Members of the Regional Development Committee discussed Commission initiative aimed at maintaining working and skilled population in EU regions.
At the first meeting in 2023, Regional Development Committee welcomed Commissioner for Cohesion and Reforms Elisa Ferreira, who came to present the new Commission initiative aimed at addressing unfavourable demographic changes across the EU and maintaining talents in the EU regions. According to the Harnessing Talent in Europe´s regions initiative, sharp decline in working age population, low share of people with tertiary education and the so called “brain drain” or loss of young skilled population affect already 82 regions in 16 member states representing almost 30% of the EU population. As a result, these regions either face talent development trap or are at risk of falling into this trap, which negatively affects their socio-economic development and increase territorial disparities weakening EU cohesion.

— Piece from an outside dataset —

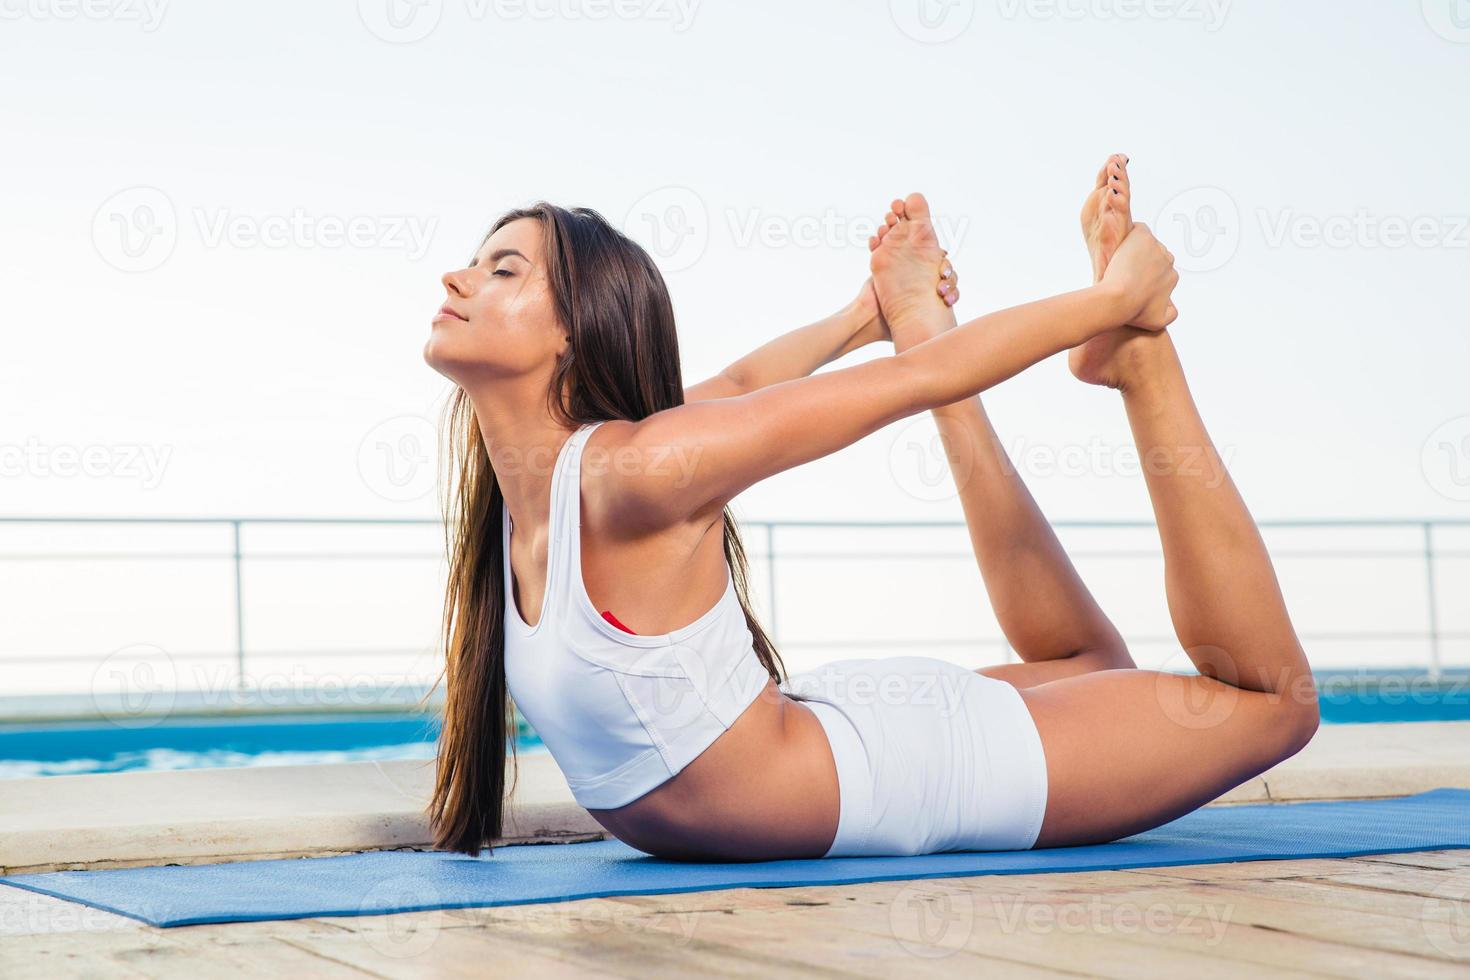 garota fazendo exercícios de alongamento ao ar livre foto
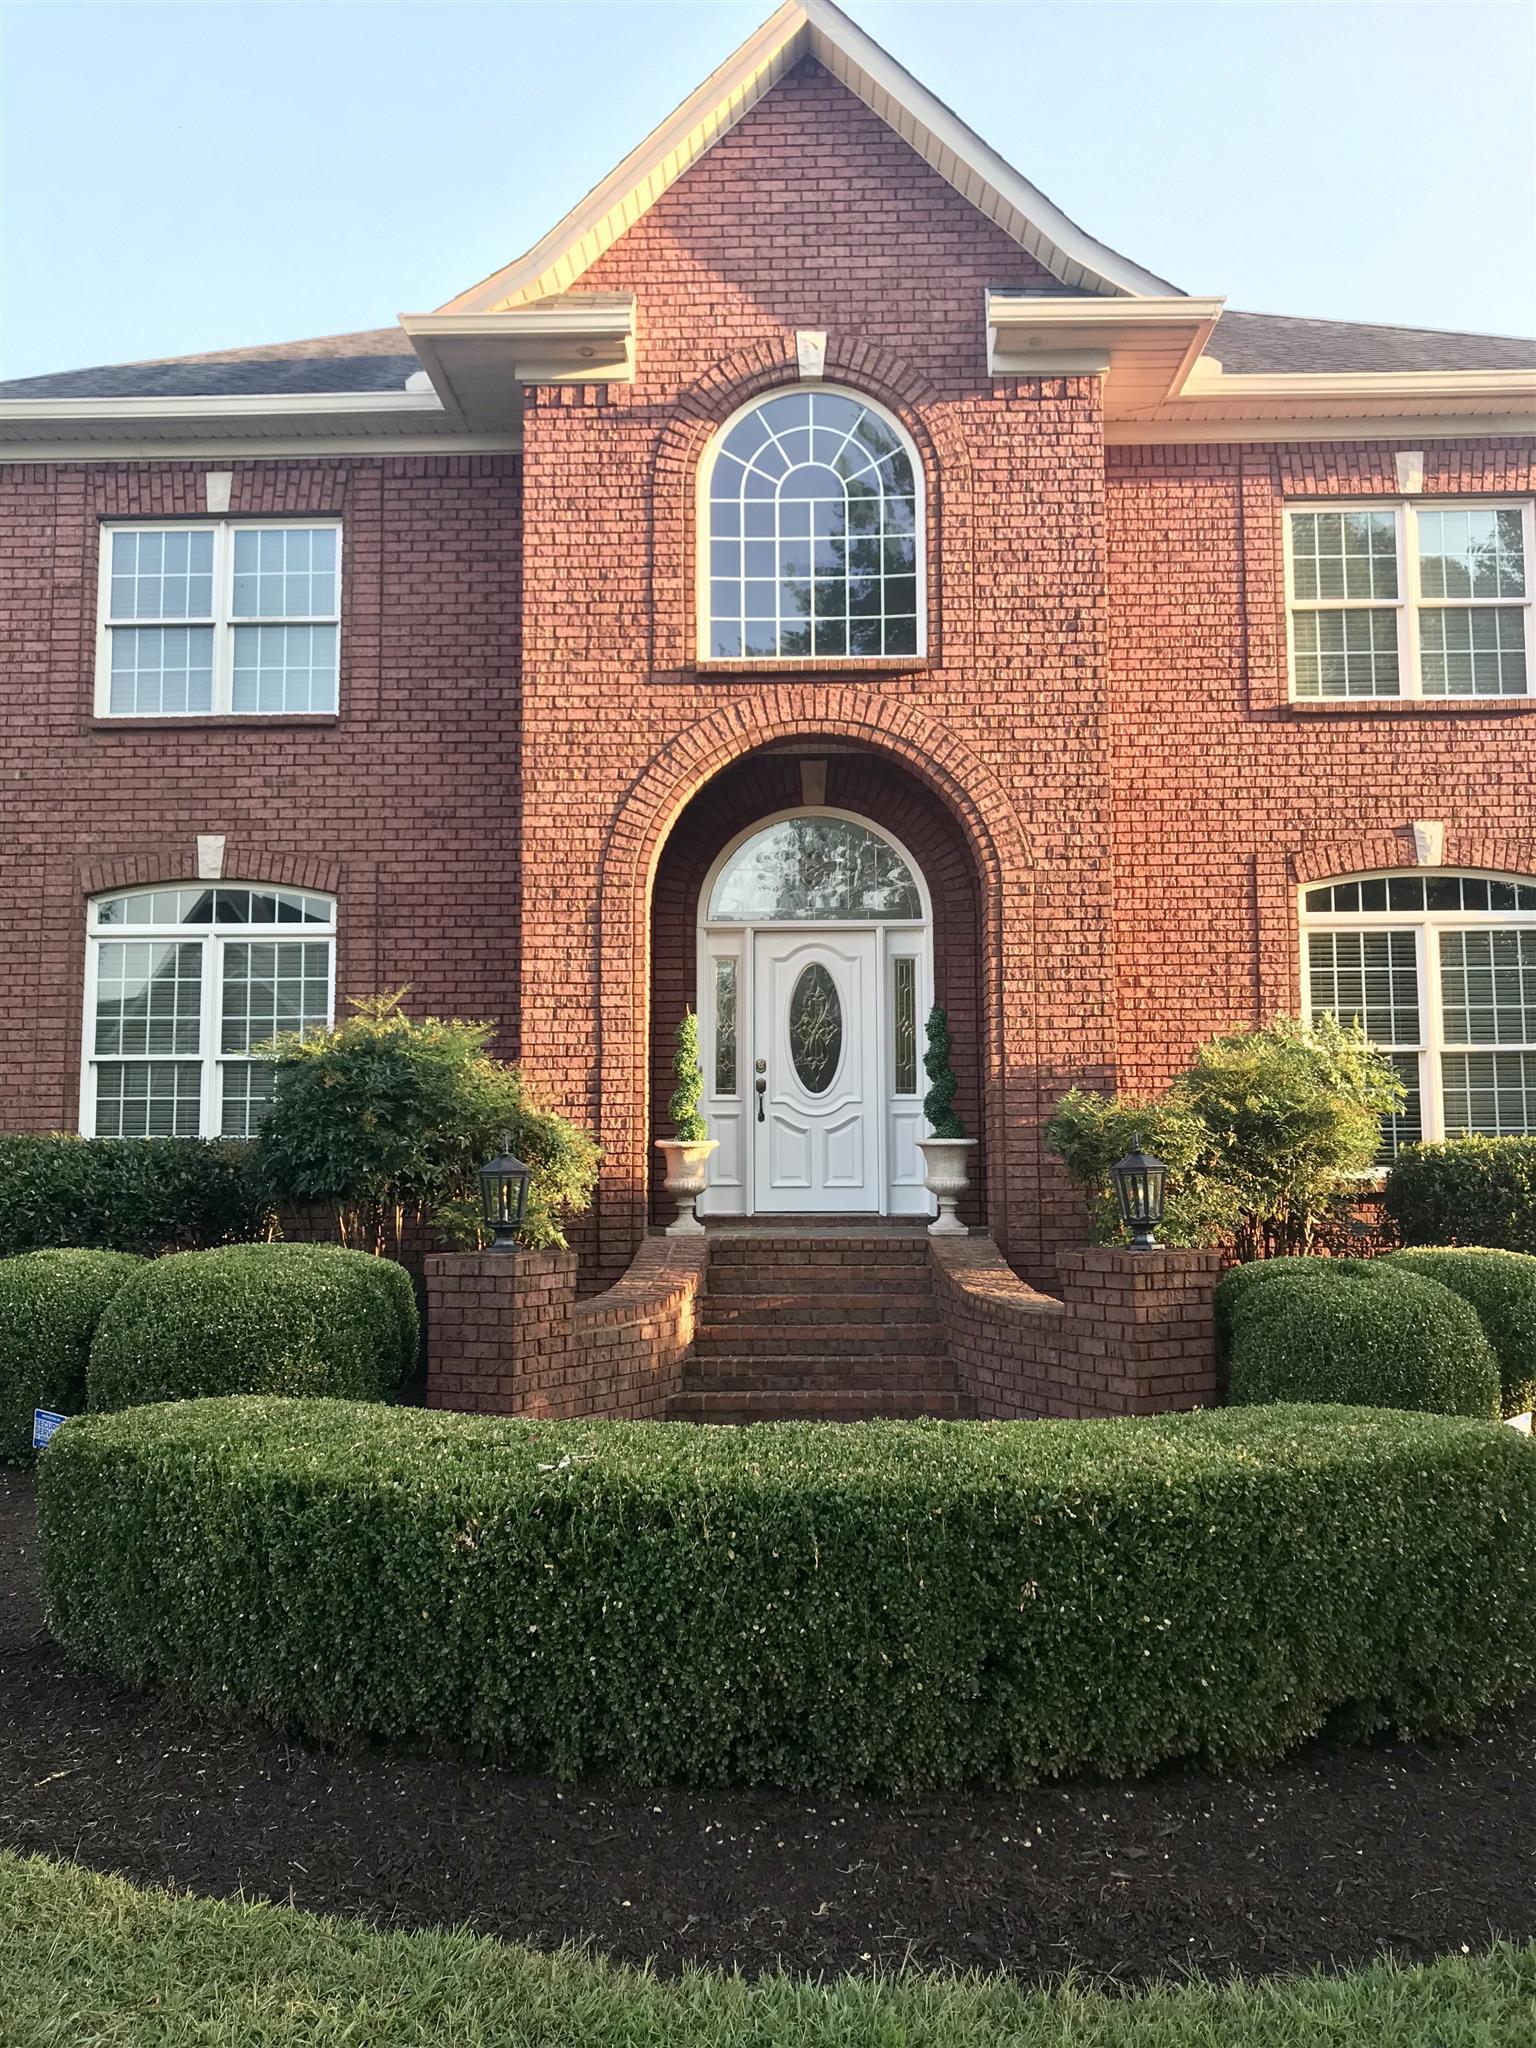 2257 Oakleigh Dr, Murfreesboro, TN 37129 - Murfreesboro, TN real estate listing

Commissioner Ferreira stressed that the aim of the initiative is to call for attention to these development. She presented the Talent Booster Mechanism – a series of targeted tools such as assistance to regions in developing implementation strategies to address these challenges, use of the cohesion funds to boost innovation, strengthening of the exchange of experiences and access to information via a dedicated portal. Commissioner conceded that no single solution is applicable across the regions and she also noted that financial assistance for the initiative will only be provided under existing instruments.
MEPs welcomed the initiative as an important starting point for further discussions and as a first deliverable of the EU Year of Skills. They stressed the need to address the brain drain in particular and across member states, most notably in EU periphery, where the situation seems to be the most dramatic. They highlighted the importance of concrete actions and speedy implementation of practical steps and called for more investments by member states into provision of public services, infrastructure, education, health and social services in the affected regions. They also suggested exploring possibilities for additional financial resources to support the programme. MEPs believe that in order for the skilled population to stay in the affected regions several other problems have to be addressed simultaneously such as accessible housing, health care and education, availability of qualified jobs and developed infrastructure. MEPs noted that special attention should be paid to fully developing opportunities of the rural areas and of the migration and to bear in mind the importance of inclusiveness for the initiative to be successful.